I hereby request an invitation from the students of Winthrop House to conduct a debate, either with Hanson present or with an empty chair on which the petition that he signed would be featured.
print article

In my 38 years of teaching at Harvard Law School, I don´t recall ever writing in praise of any action by a Harvard president, but this time I must congratulate President Lawrence H. Summers for his willingness to say out loud what many of us in the Harvard community have long believed: namely, that singling out Israel, among all the countries in the world, for divestment, is an action which is anti-Semitic in effect, if not in intent. A recent open letter by one of the signatories made it clear that he regards Israel as the "pariah" state, a word historically used by anti-Semites to characterize the Jewish people.

As an advocate and practitioner of human rights throughout the world, I can confidently assert that Israel´s record on human rights is among the best, especially among nations that have confronted comparable threats. Though far from perfect, Israel has shown extraordinary concern for avoiding civilian casualties in its half-century effort to protect its civilians from terrorism. Jordan killed more Palestinians in a single month than Israel has between 1948 and the present.
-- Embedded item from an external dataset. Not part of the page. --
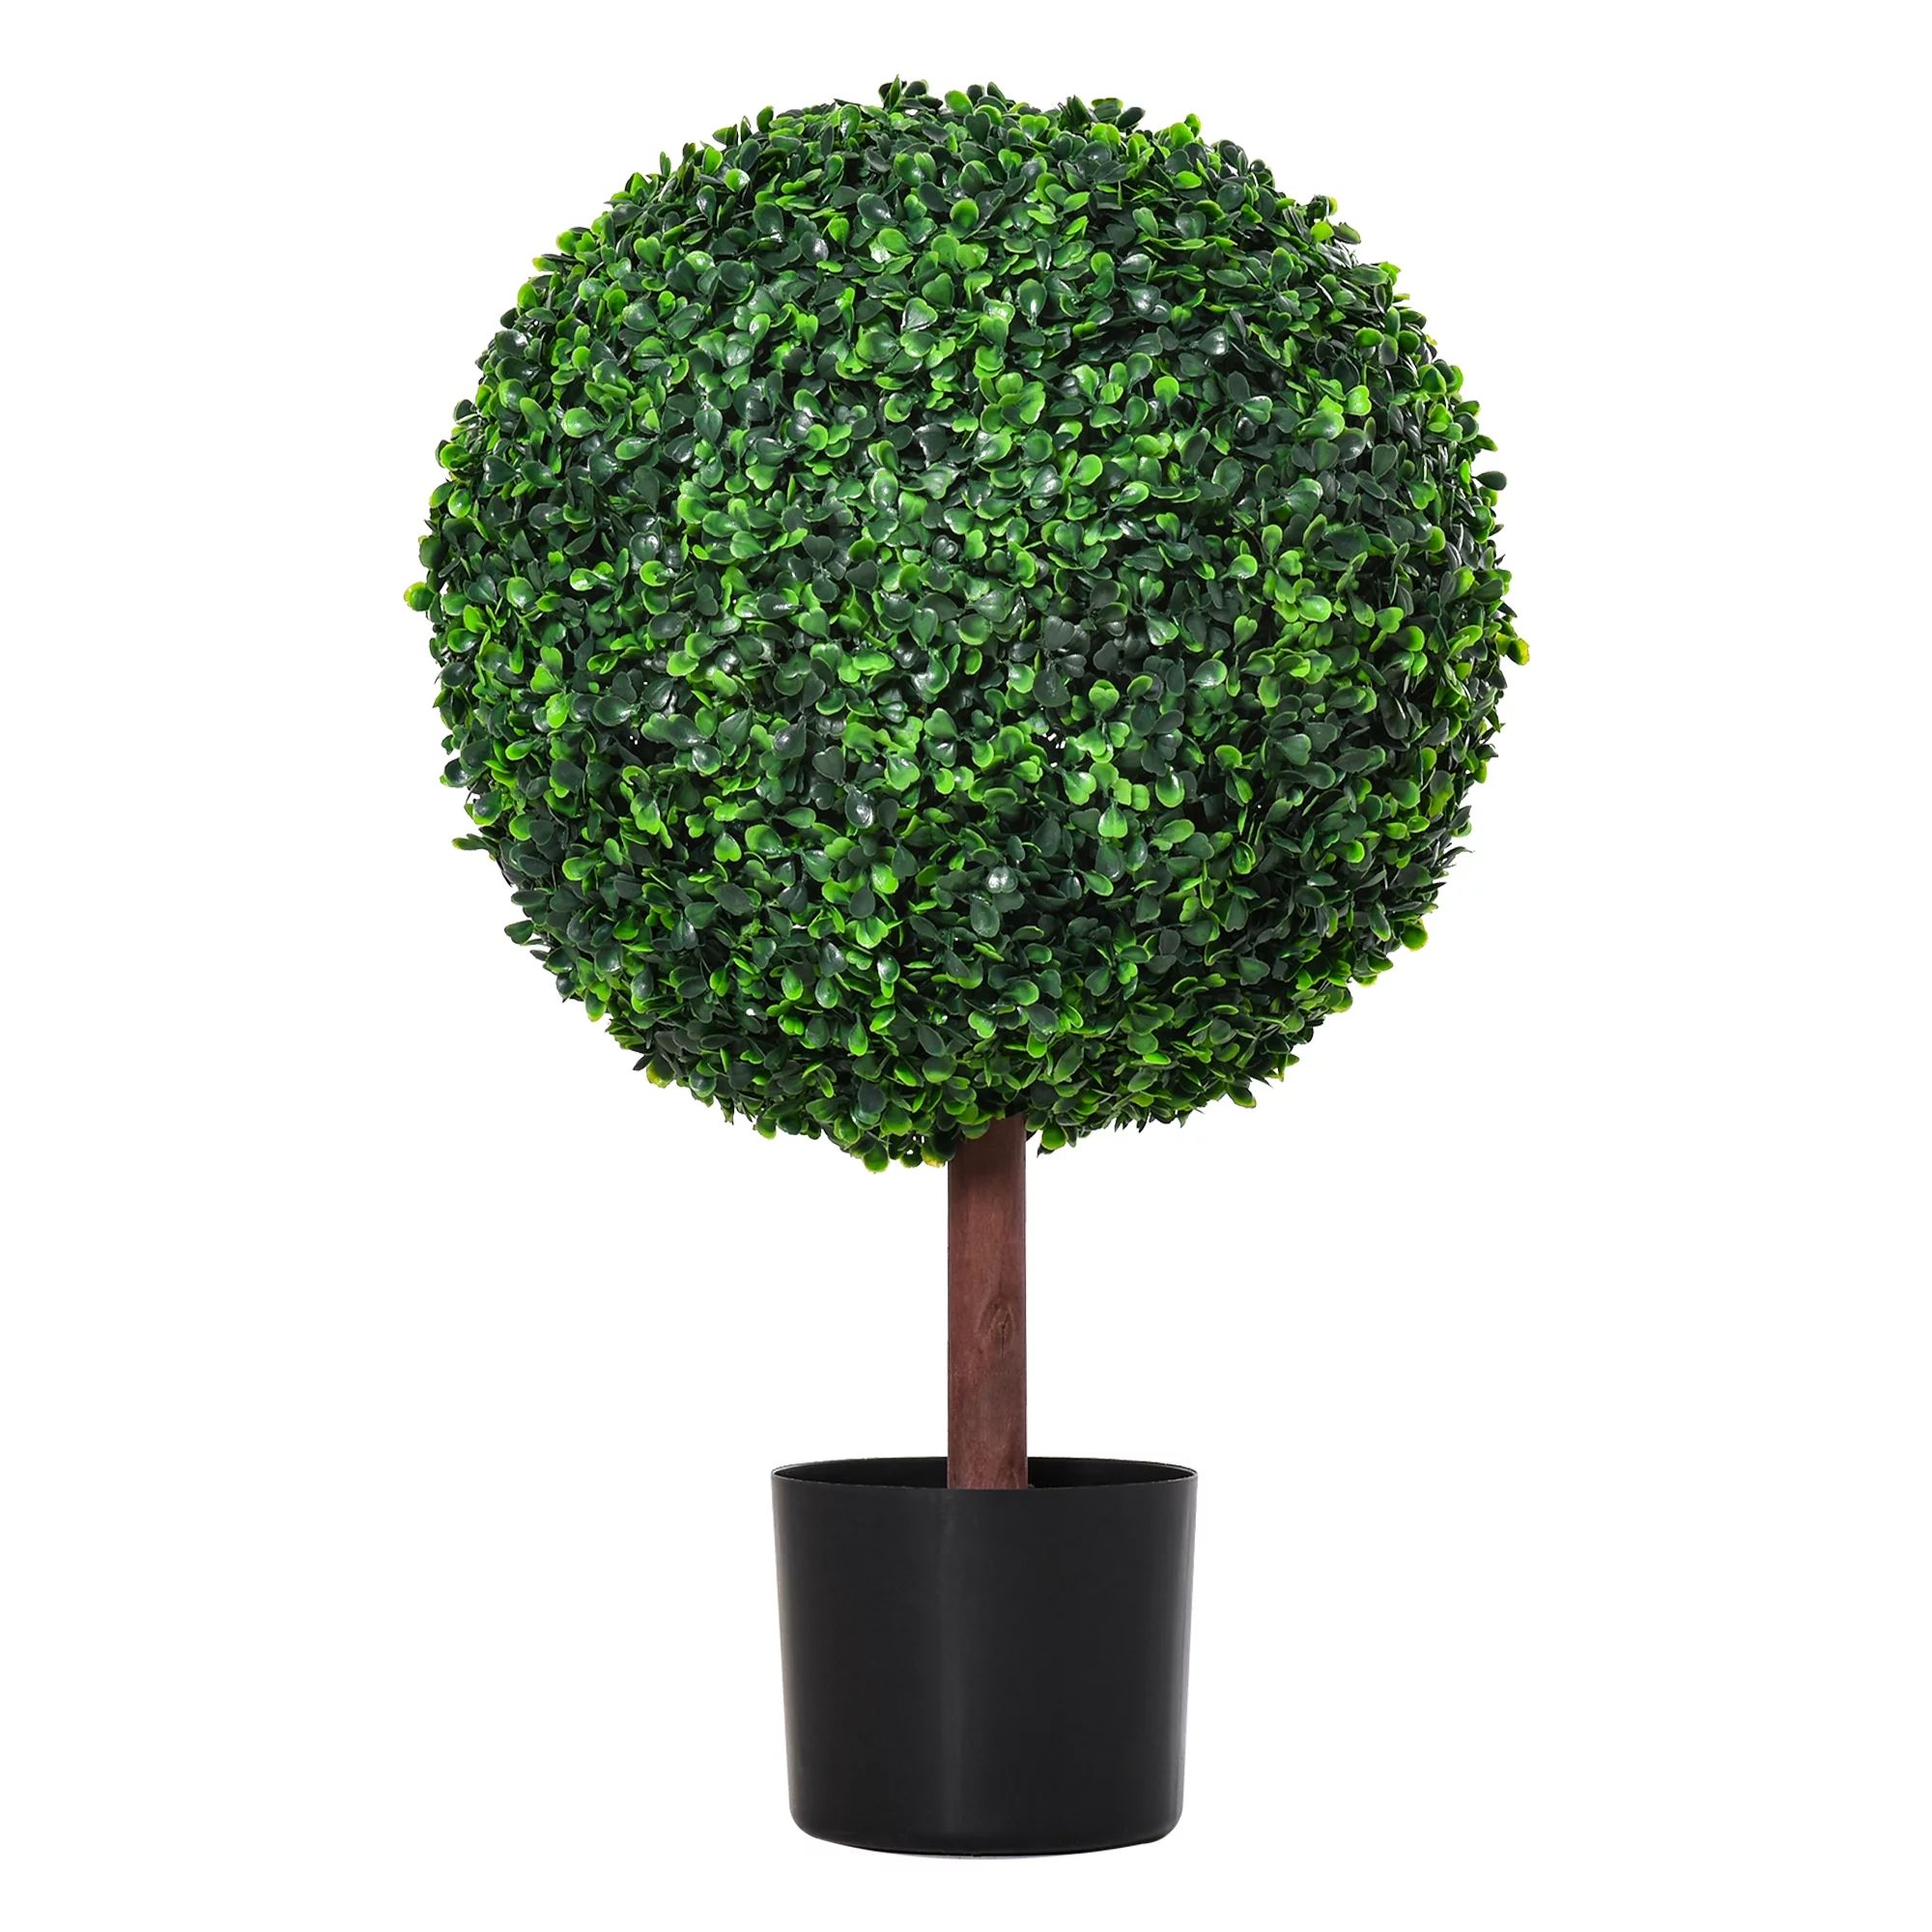 Outsunny 23.5" Artificial Boxwood Topiary Ball Tree, Fake Decorative Plant, Nursery Pot Included ... | Walmart (US)

Israel has the only independent judiciary in the entire Middle East. Its Supreme Court, one of the most highly regarded in the world, is the only court in the Middle East from which an Arab or a Muslim can expect justice, as many have found in winning dozens of victories against the Israeli government, the Israeli military and individual Israeli citizens. There is no more important component in the protection of human rights and civil liberties than an independent judiciary willing to stand up to its own government. I challenge the proponents of divestment to name a court in any Arab or Muslim country that is comparable to the Israeli Supreme Court.

Israel is the only country in the region that has virtually unlimited freedom of speech. Any person in Israel, whether Jewish, Muslim or Christian, can criticize the Israeli government and its leaders. No citizen of any other Middle Eastern or Muslim state can do that without fear of imprisonment or death.

Israel is the only country that has openly confronted the difficult issue of protecting the civil liberties of the ticking bomb terrorist. The Israeli Supreme Court recently ruled that despite the potential benefits of employing non-lethal torture to extract information, the tactic is illegal. Brutal torture, including lethal torture, is commonplace in nearly every other Middle Eastern and Muslim country. Indeed, American authorities sometimes send suspects to Egypt, Jordan and the Philippines precisely because they know that they will be tortured in those countries.

Nor is Israel the only country that is occupying lands claimed by others. China, Russia, Turkey, Iraq, Spain, France and numerous other countries control not only land, but people who seek independence. Indeed, among these countries Israel is the only one that has offered statehood, first in 1948 when the Palestinians rejected the UN partition that would have given them a large, independent state and chose instead to invade Israel. Again in the year 2000 Palestinians were offered a state, rejected it and employed terrorism.

There are, of course, difficult issues to be resolved in the Middle East. These include the future of the settlements, the establishment of Palestinian self-governance and the prevention of terrorism. These issues will require compromise on all sides. Members of the Harvard community must be free to criticize Israel when they disagree with its policies or actions, as they criticize any other country in the world whose record is not perfect. But to single out the Jewish state of Israel, as if it were the worst human rights offender, is bigotry pure and simple. It would be comparable to singling out a black nation for de-legitimation without mentioning worse abuses by white nations. Those who sign the divestment petition should be ashamed of themselves. If they are not, it is up to others to shame them.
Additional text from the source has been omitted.